Remove Nth Node From End of List

🧩 Problem Statement

Given the head of a linked list, remove the n-th node from the end of the list and return its head.

🔹 Example 1:

Input:

head = [1,2,3,4,5], n = 2

Output:

[1,2,3,5]

🔹 Example 2:

Input:

head = [1], n = 1

Output:

[]

🔍 Approaches

1. Two Pointers (One Pass)

We can use two pointers, first and second, separated by n nodes.
When first reaches the end, second will be exactly at the node before the one we want to remove.

✨ Intuition

• Use a dummy node pointing to head (to handle edge case where head itself is removed).
• Initialize first = dummy, second = dummy.
• Move first n + 1 steps ahead. Now the gap between first and second is n + 1.
• Move both first and second one step at a time until first becomes null.
• At this point, second is at the node before the target.
• Remove the target: second.next = second.next.next.

🔥 Algorithm Steps

1. Create dummy node with dummy.next = head.
2. Set first = dummy, second = dummy.
3. Move first n + 1 times forward.
4. While first is not null:

• first = first.next
• second = second.next

5. second.next = second.next.next
6. Return dummy.next.

⏳ Time & Space Complexity

• Time Complexity: $O(L)$, where $L$ is length of list. We make one pass.
• Space Complexity: $O(1)$.

🚀 Code Implementations

C++

/**
* Definition for singly-linked list.
* struct ListNode {
*     int val;
*     ListNode *next;
*     ListNode() : val(0), next(nullptr) {}
*     ListNode(int x) : val(x), next(nullptr) {}
*     ListNode(int x, ListNode *next) : val(x), next(next) {}
* };
*/
class Solution {
public:
ListNode* removeNthFromEnd(ListNode* head, int n) {
ListNode* dummy = new ListNode(0, head);
ListNode* first = dummy;
ListNode* second = dummy;
for (int i = 0; i <= n; i++) {
first = first->next;
}
while (first != nullptr) {
first = first->next;
second = second->next;
}
ListNode* temp = second->next;
second->next = second->next->next;
delete temp; // Free memory
return dummy->next;
}
};

Python

# Definition for singly-linked list.
# class ListNode:
#     def __init__(self, val=0, next=None):
#         self.val = val
#         self.next = next
class Solution:
def removeNthFromEnd(self, head: Optional[ListNode], n: int) -> Optional[ListNode]:
dummy = ListNode(0, next=head)
left = dummy
right = head
while n > 0 and right:
right = right.next
n -= 1
while right:
left = left.next
right = right.next
# delete
left.next = left.next.next
return dummy.next

Java

/**
* Definition for singly-linked list.
* public class ListNode {
*     int val;
*     ListNode next;
*     ListNode() {}
*     ListNode(int val) { this.val = val; }
*     ListNode(int val, ListNode next) { this.val = val; this.next = next; }
* }
*/
class Solution {
public ListNode removeNthFromEnd(ListNode head, int n) {
ListNode dummy = new ListNode(0, head);
ListNode first = dummy;
ListNode second = dummy;
for (int i = 0; i <= n; i++) {
first = first.next;
}
while (first != null) {
first = first.next;
second = second.next;
}
second.next = second.next.next;
return dummy.next;
}
}

🌍 Real-World Analogy

Relay Race Batons:

Imagine two runners with a solid stick connecting them that is exactly n meters long.

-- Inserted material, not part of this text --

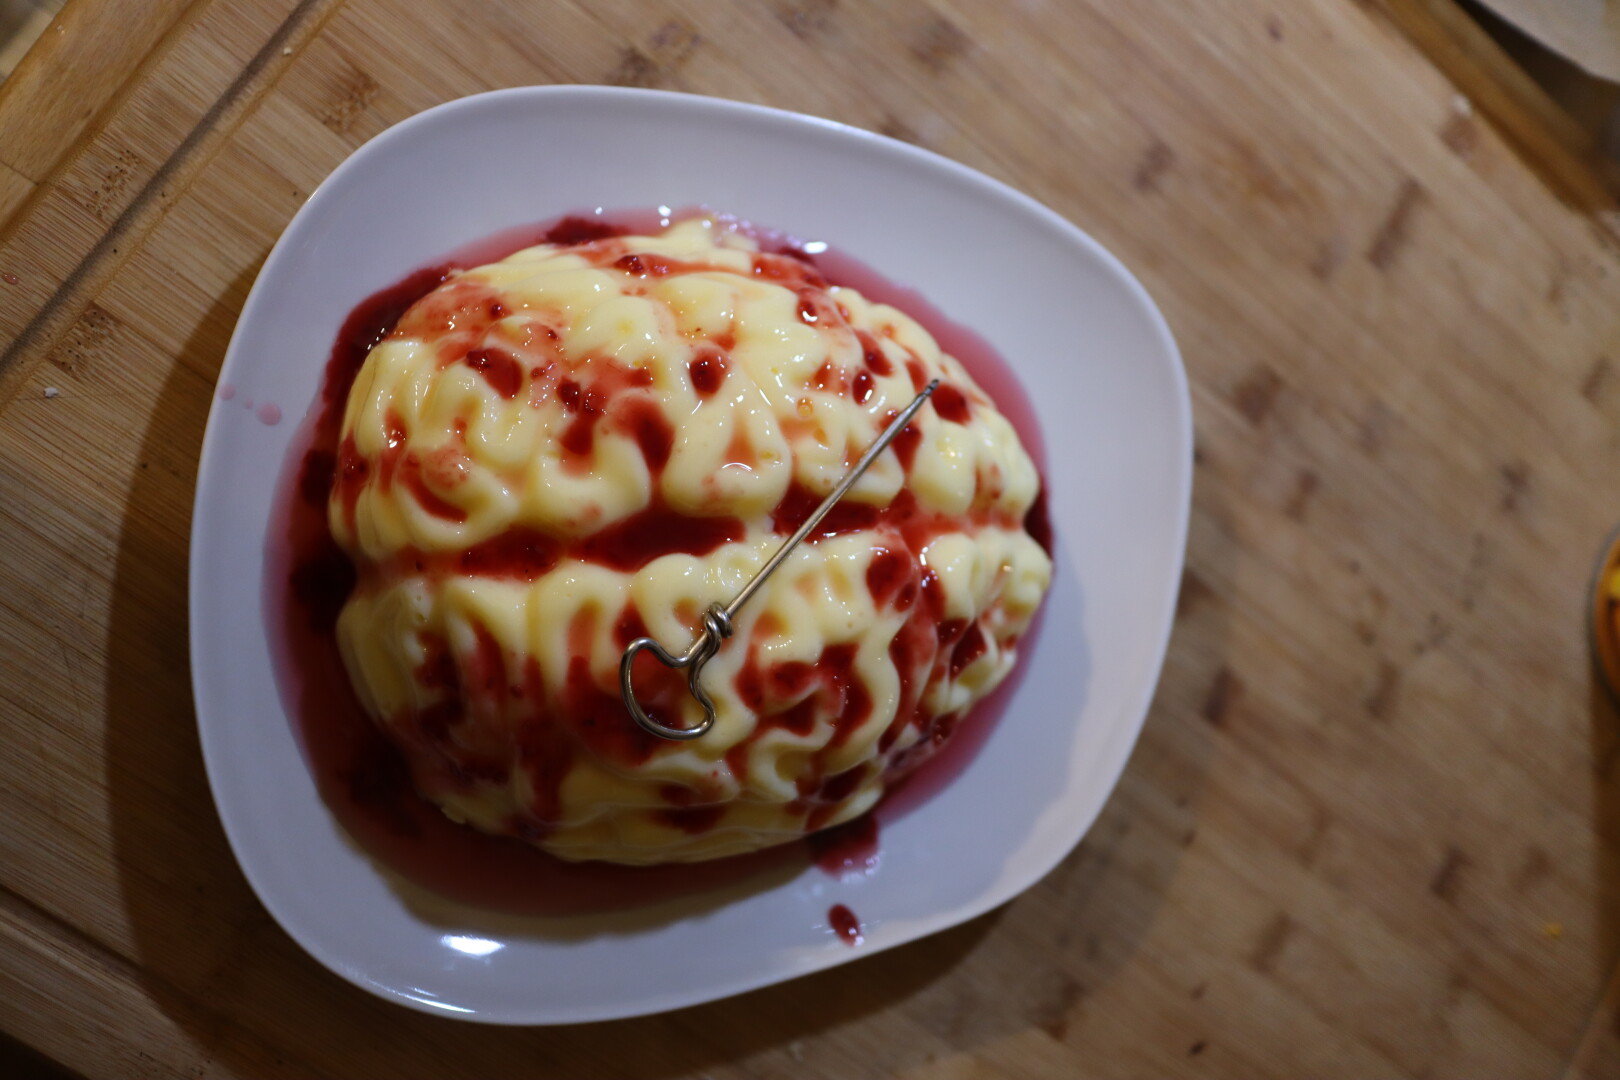 vanilla pudding in the shape of a brain with red syrup poured over. A drill placed across it

• They start at the beginning.
• They run together.
• When the front runner hits the finish line, the back runner is exactly n meters away from the finish.
• The back runner picks up the object at that spot.

🎯 Summary

✅ One Pass: Efficiently finds the node.
✅ Dummy Node: Simplifies edge cases (e.g., removing head).